What you need to do: Your reply must contain the full listing below, reproduced exactly, but no pictures.

Given material:

####

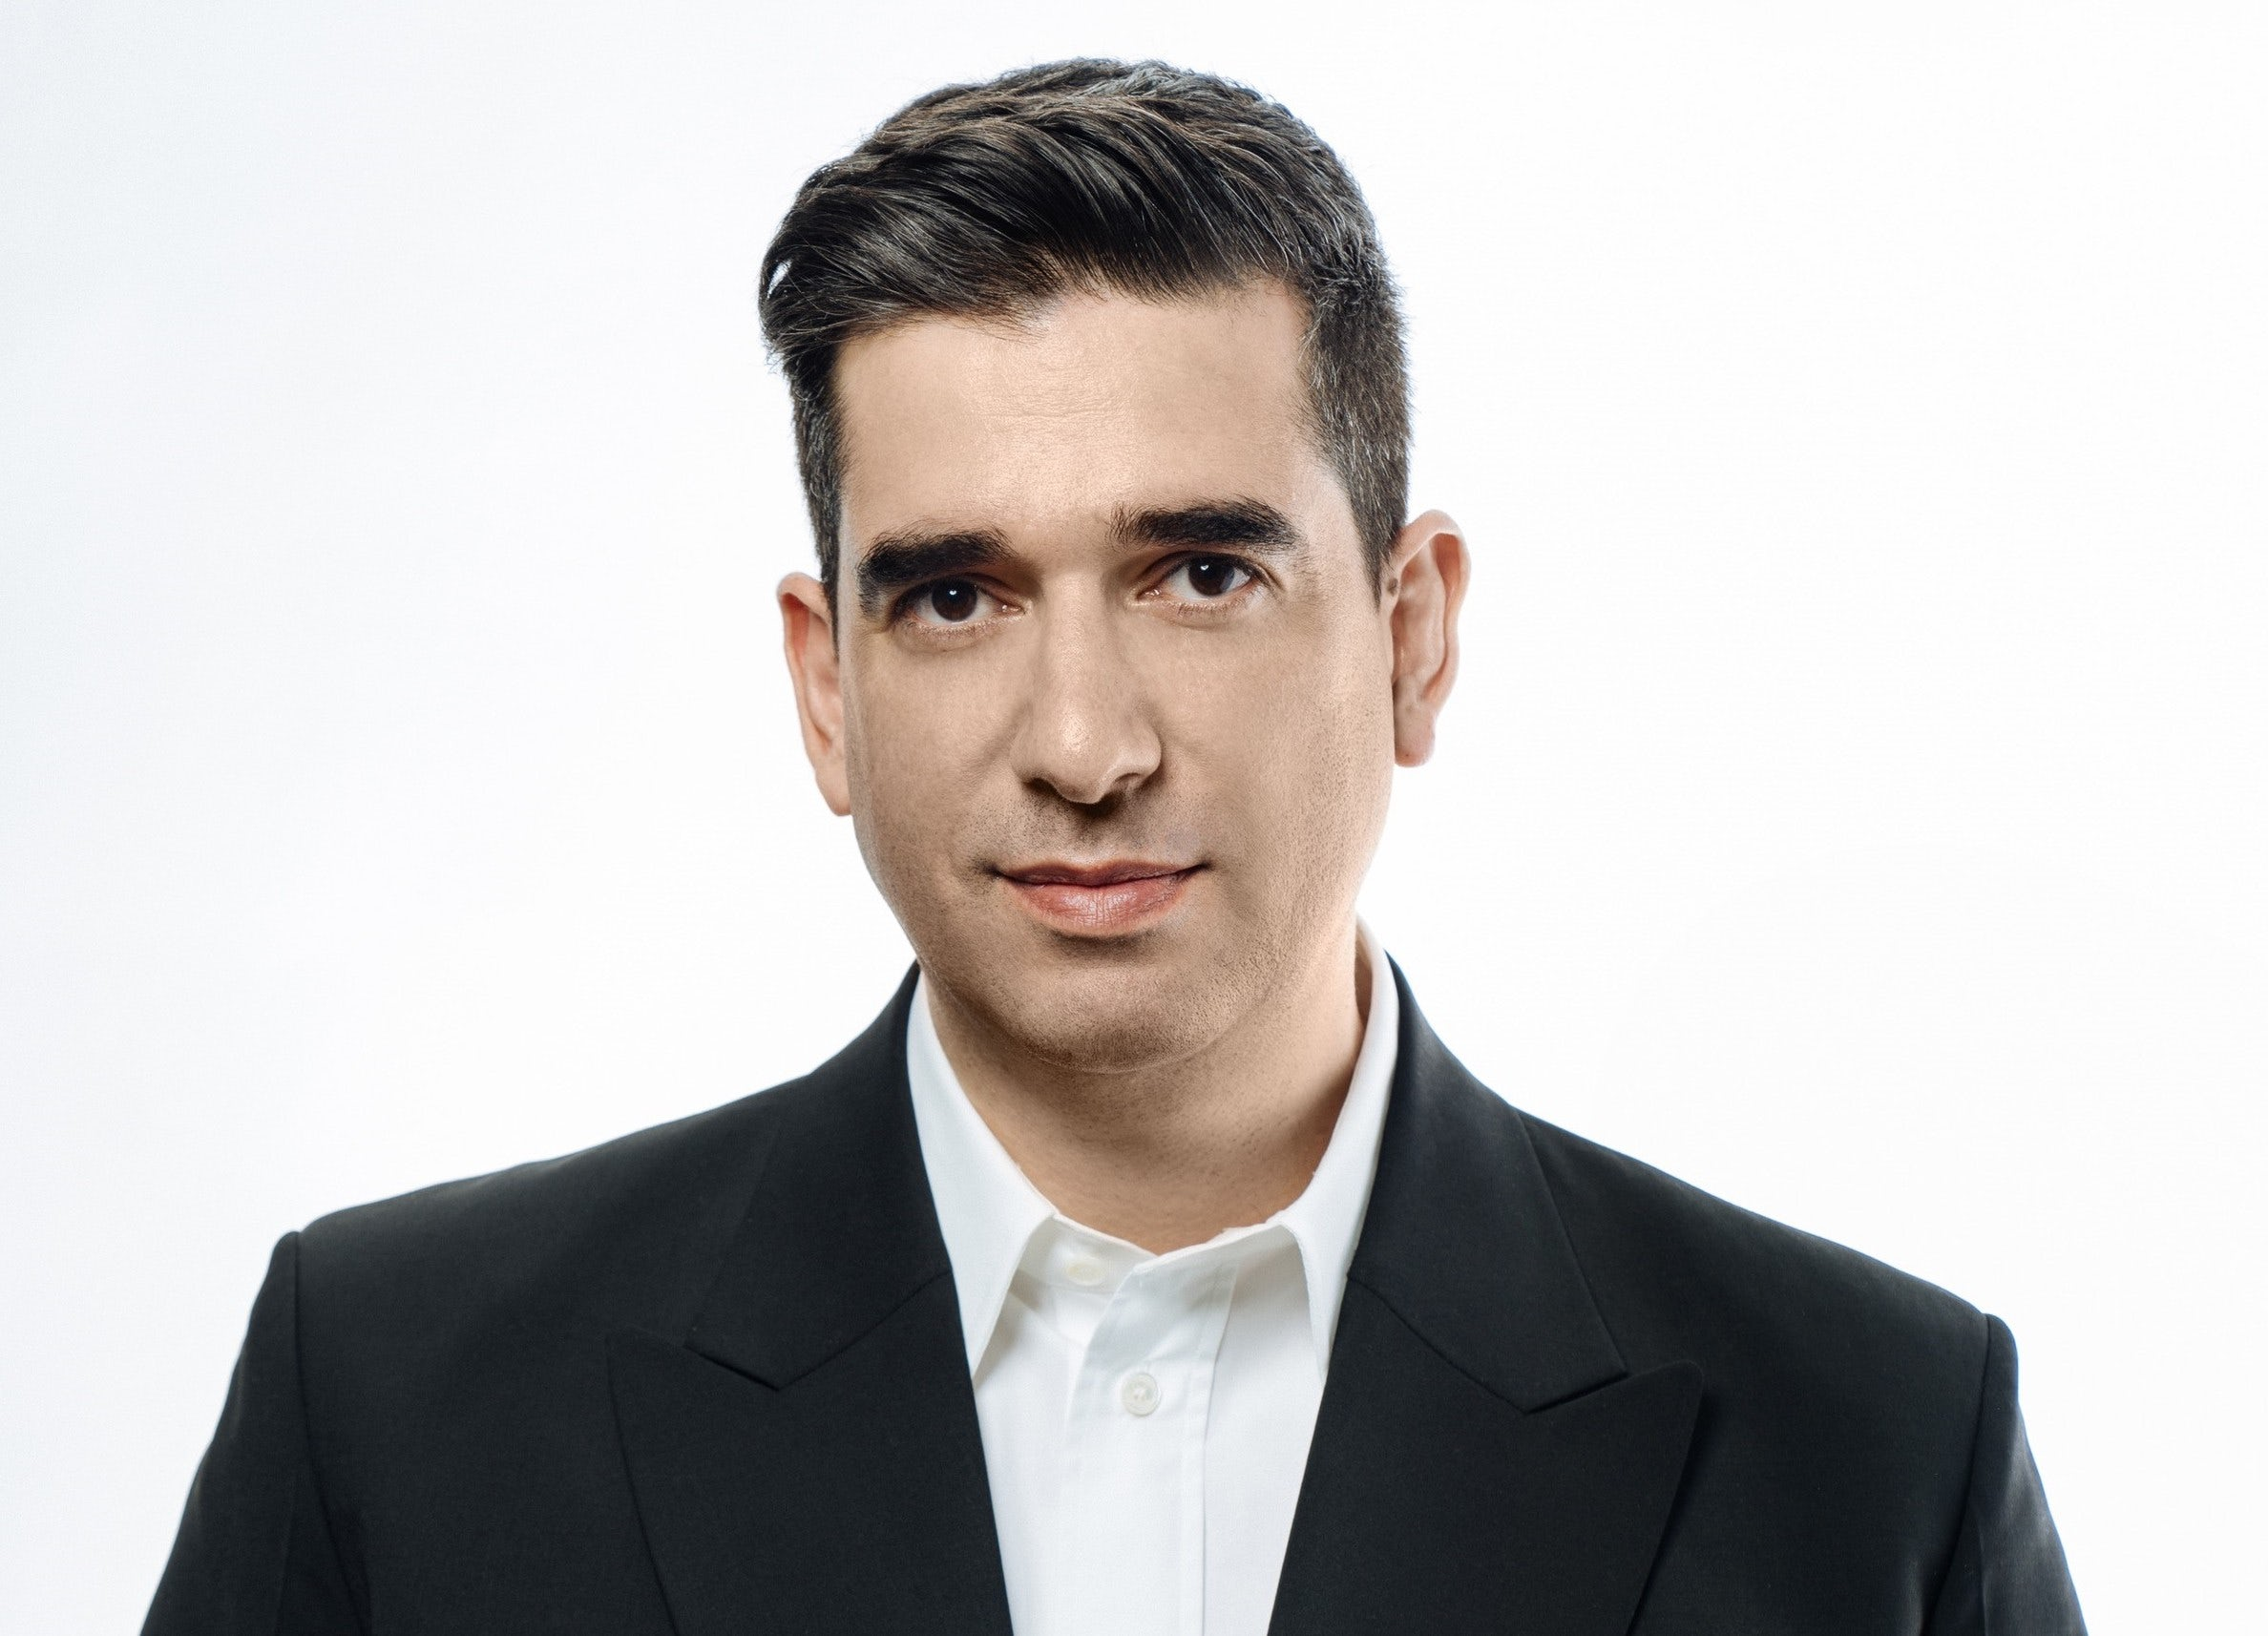 Mitchell Bacha is Valentino\'s new Greater China CEO. Valentino.
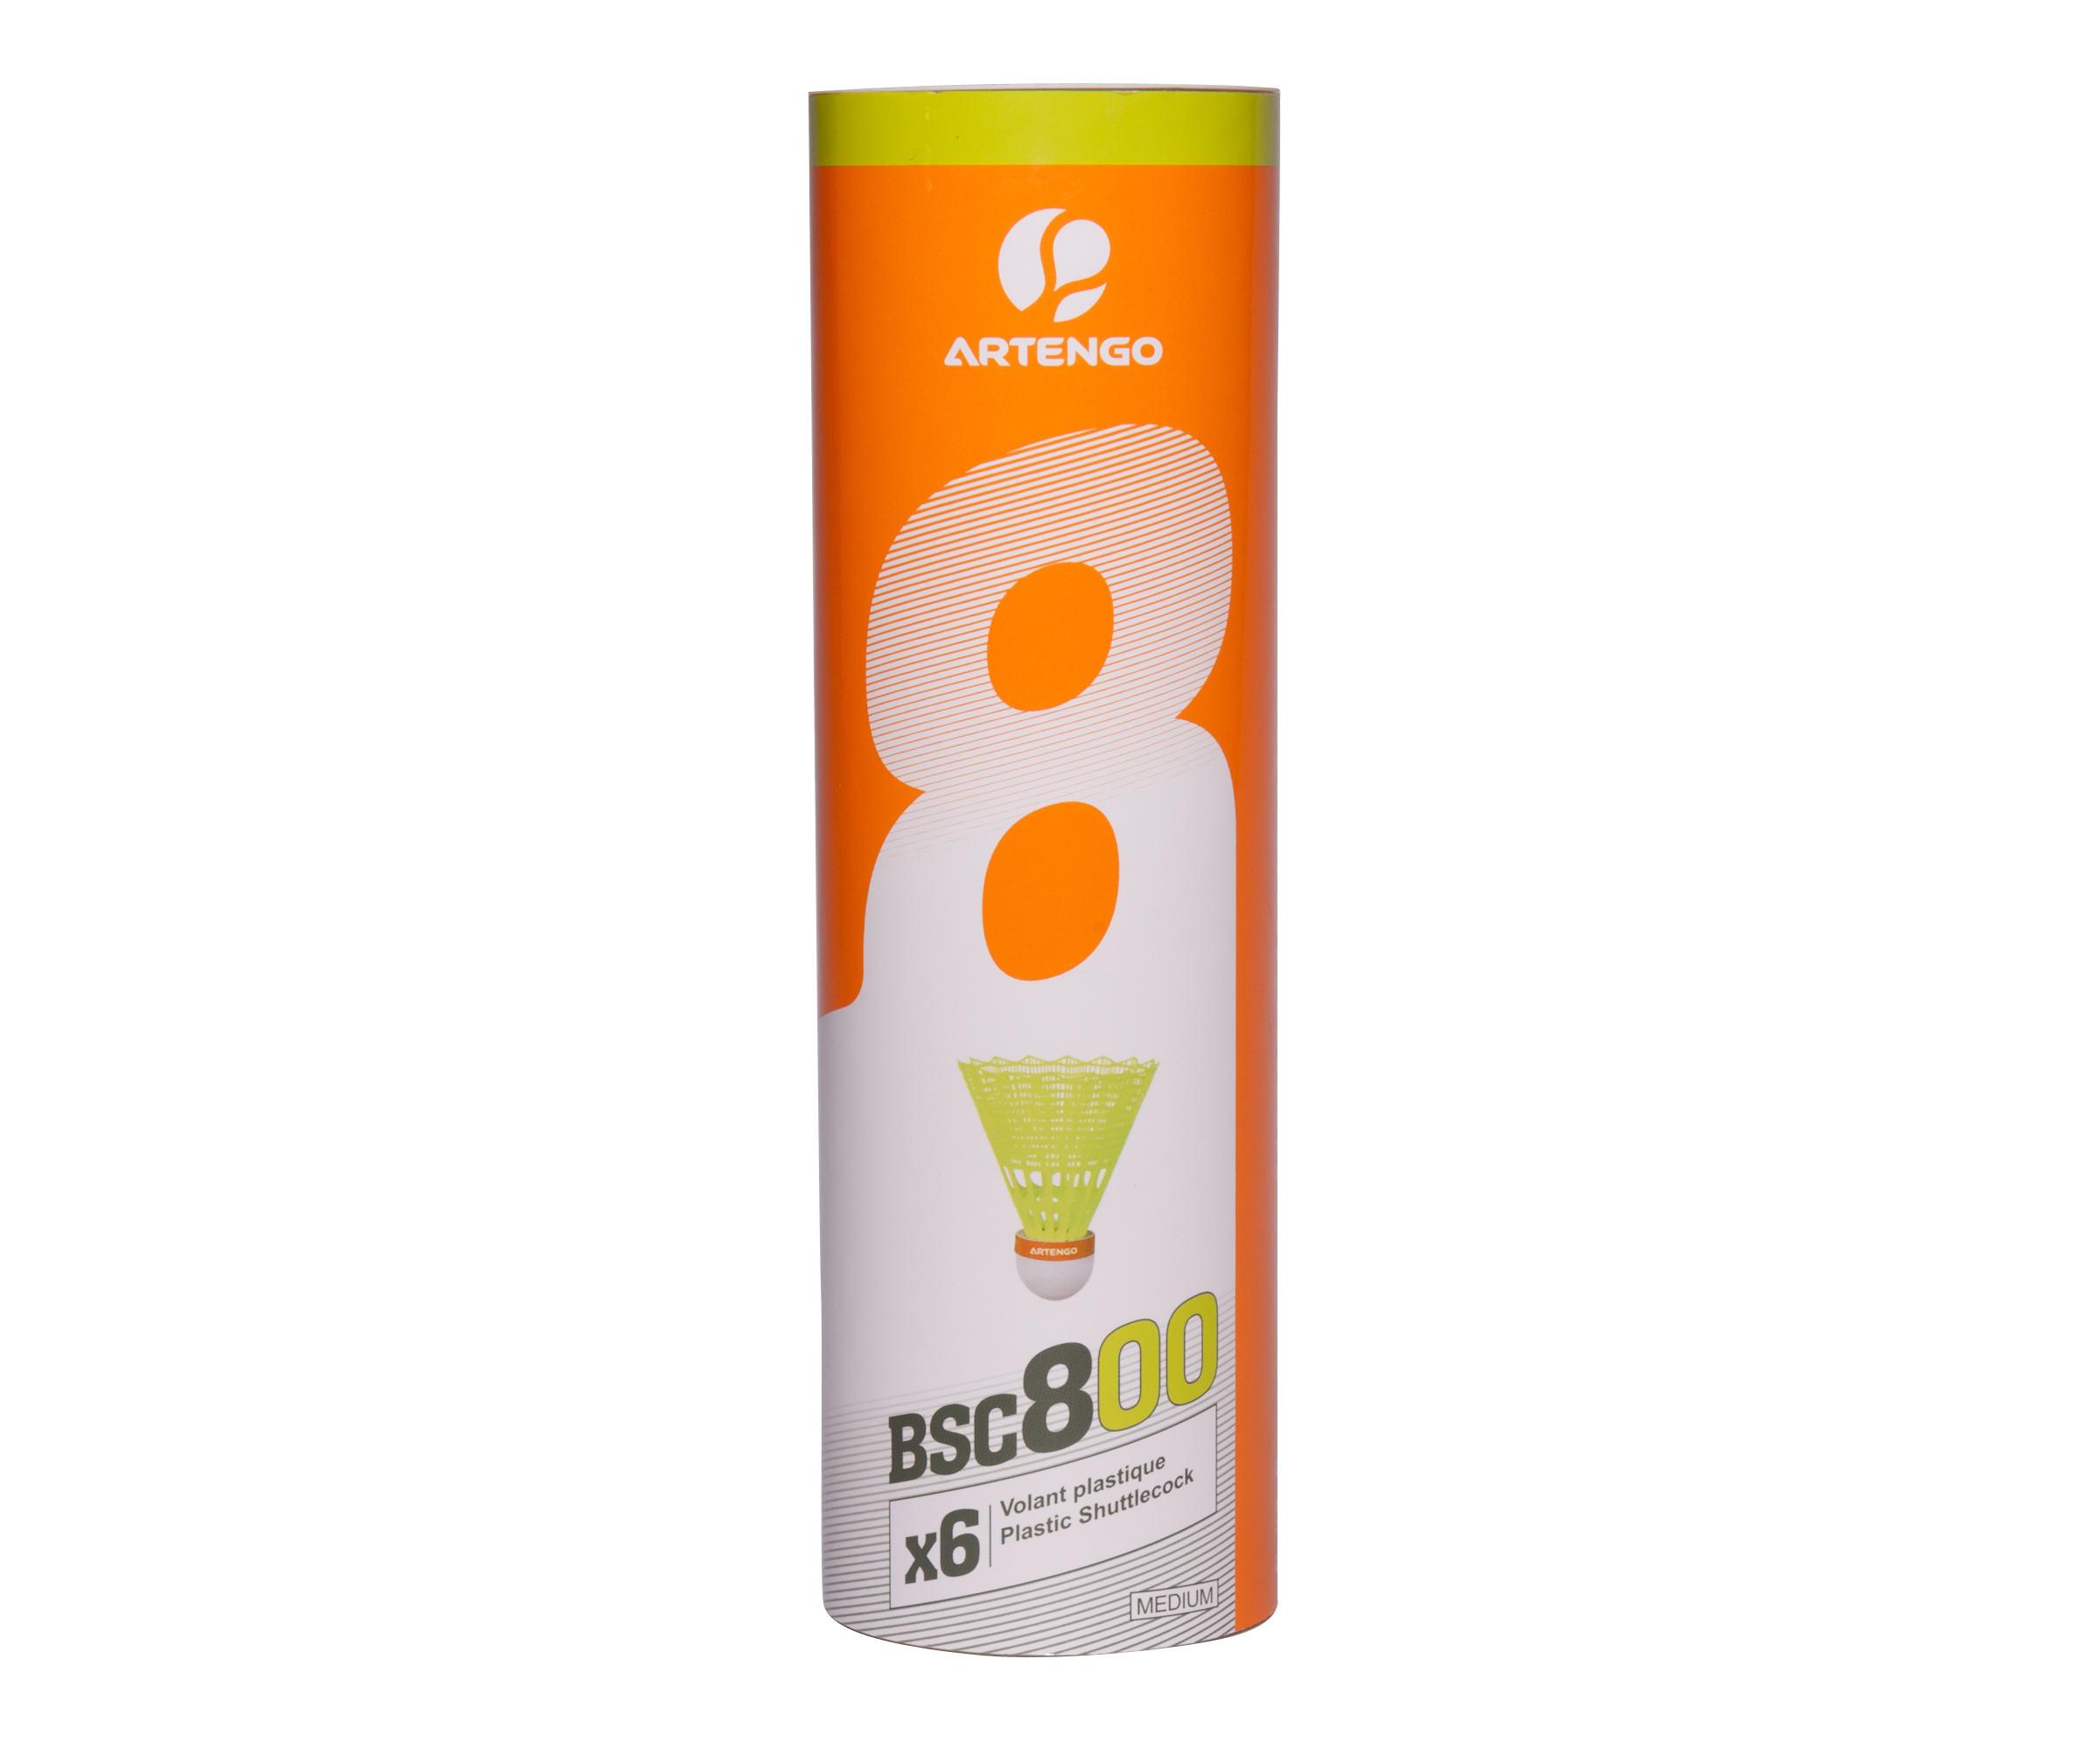 Artengo Badminton shuttle BSC800 6 stuks
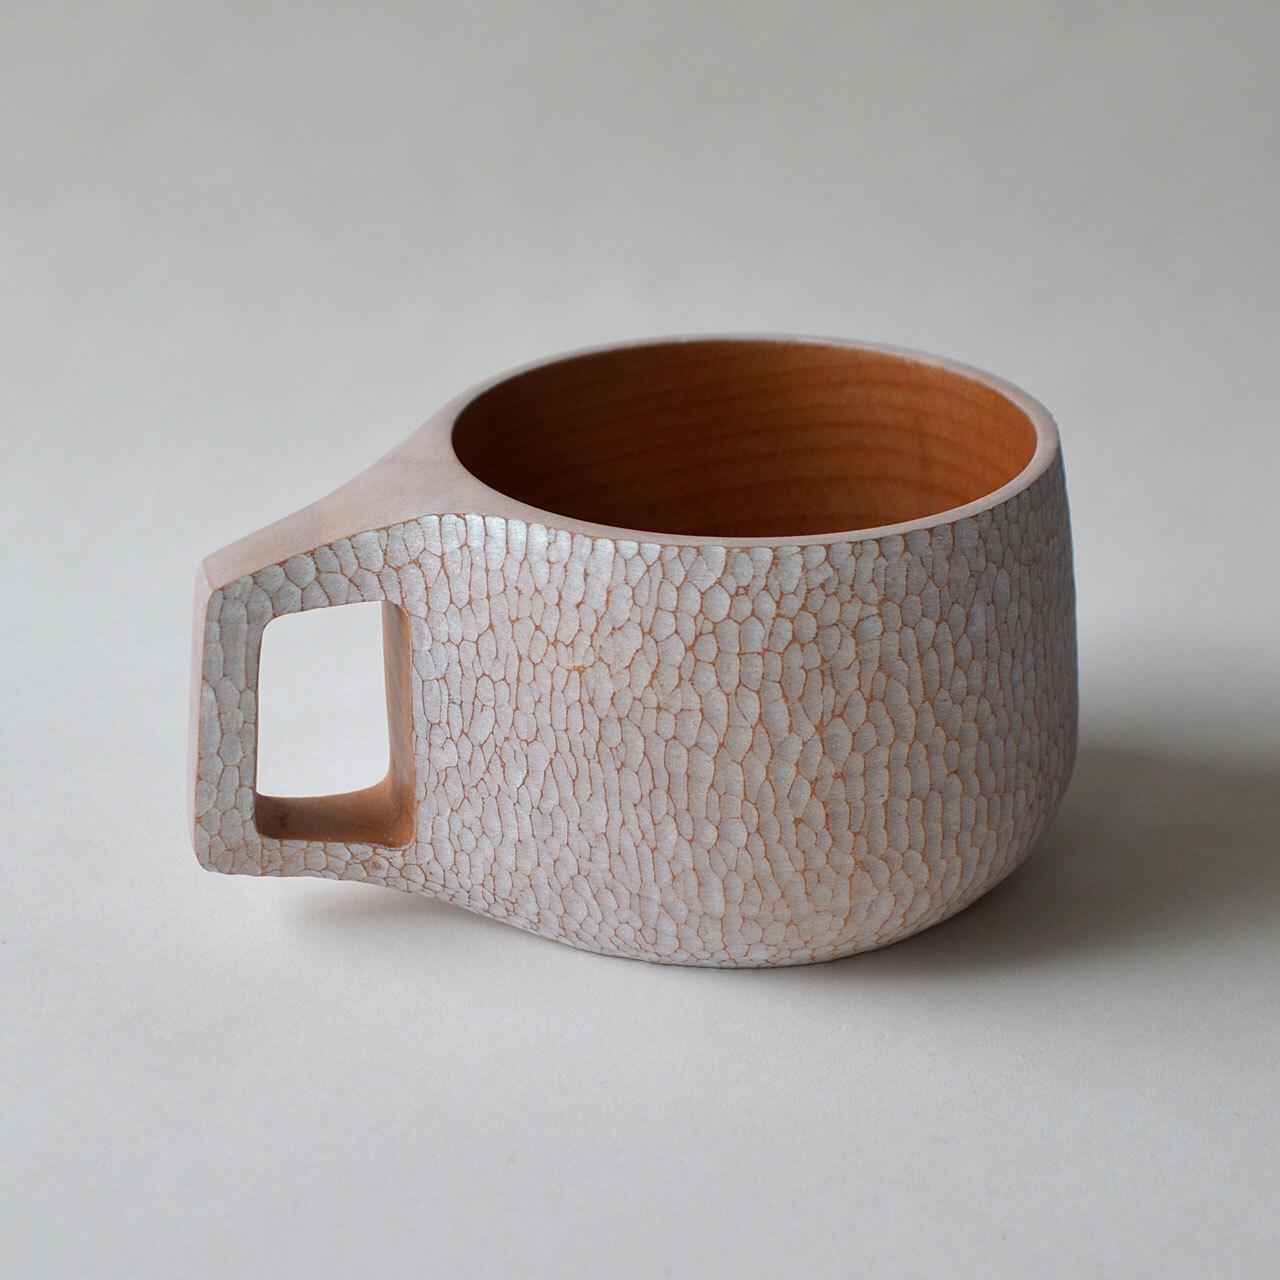 樺 BIRCH CUP - BL01

####

Solution for this task:
 Mitchell Bacha is Valentino\'s new Greater China CEO. Valentino.
 Artengo Badminton shuttle BSC800 6 stuks
 樺 BIRCH CUP - BL01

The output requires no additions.